We reached the summit cairn and Kenny clambered up it, clearly proud of all that was on display, and I couldn’t fault the sentiment at all. What a glorious place. The nearby peak of Bengairn was 50 metres higher and looked inviting. That was for another day, but I’ve already lost count how many times I’ve said that. For now, reluctantly we were going to head down. Southwards at first to form a circuit along the grassy singletrack. I couldn’t help gazing once more at that southern view and the Lakes, but I needed to pay attention as there were a few rogue rocks which were frankly more deserving of that gaze for now. We then re-joined our ascent through the trees and that well used run-cum-mountain bike downhill track. The now gazelle-like Kenny left me for dead as I used my hands as much as my feet to eventually pop out onto the forest trail and flatter terrain.

Confident that my brain didn’t now need to be fully engaged with foot placement, we chatted once more about exploring Galloway by foot and by bike. And with wetsuits – although Kenny informed me he was going for an open-water sea swim the following day without one. Yes, it was November in Scotland. I knew he was one of them. A brief moment of consideration by me was soon replaced by a need for neoprene and the warmth of summer before I considered taking a dip.

Back at the car park we continued our discussion on future running routes. This place just cries out for return visits, plural. There’s so much to do and surprisingly few people doing just that.
I can’t figure out why. If you do, let me know and, if you can’t get hold me, I’ll probably be up a hill in Galloway.

Follow in their footsteps

Routes and tips for the best runs in Galloway

More information

The new website scotlandstartshere.com is really helpful with lots of resources, and also has an associated app. The walking section is huge and provides great running routes with plenty of choice.

Our route

We took this route up Screel: komoot.com/tour/619654214?ref=wtd but there are several options and, once on the open hill, there are lots of trods so, with the sea to the south being a good orientation point, this is a good place to explore. A more circular route taking in Bengairn can be found at komoot.com/tour/619657523?ref=wtd.

Three other routes

Merrick The highest peak in the Galloway Hills is Merrick. The classic route is an out-and-back effort on a good solid track, turning to grass nearer the summit.

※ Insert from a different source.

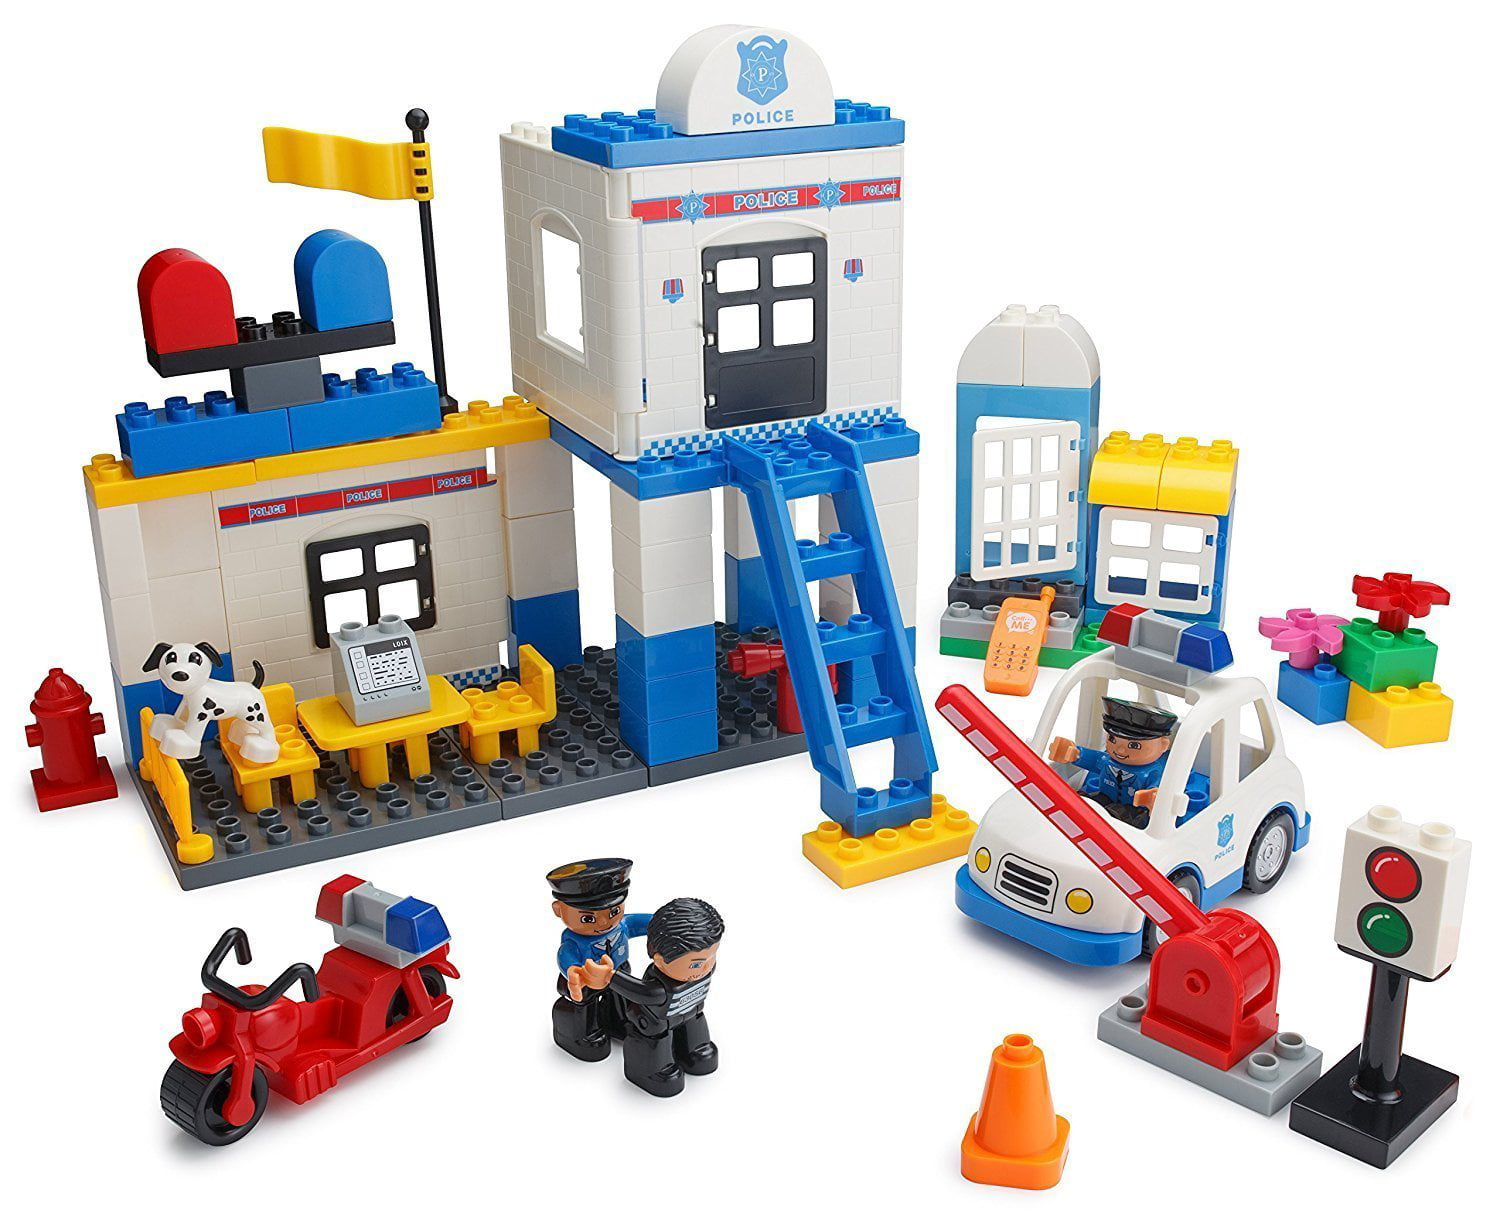 Police Dept Patrol Unit Construction Blocks My Blox Compatible With Other Brands for sale online

komoot.com/tour/619621049?ref=wtd

Cairnsmore of Carsphairn Cairnsmore of Carsphairn is a great hill and the highest in that area. Find a route at komoot.com/smarttour/1338124?ref=wsd. Don’t confuse it with Cairnsmore of Fleet or Cairnsmore of Dee, but if you end up on either that’s no bad thing!

Ring of Fire If you’re feeling like a serious effort, check out the suitably named Ring of Fire. More information is here – gofar.org.uk/ring-of-fire-galloway. It was previously rather tamely called the Gallo Way. At 45 miles with 13,000 feet of climbing there’s not much particularly tame about it but it gives you an incredible tour of what’s on offer here. Pack a lightweight tent and some sandwiches to give yourself the ideal mountain marathon preparation.

Other things to do

There’s lot of really good off-road cycling to be had down here. Check out the trail centres of Kirroughtree, Ae and Dalbeattie as well as the gravel riding on offer in the huge Galloway Forest Park.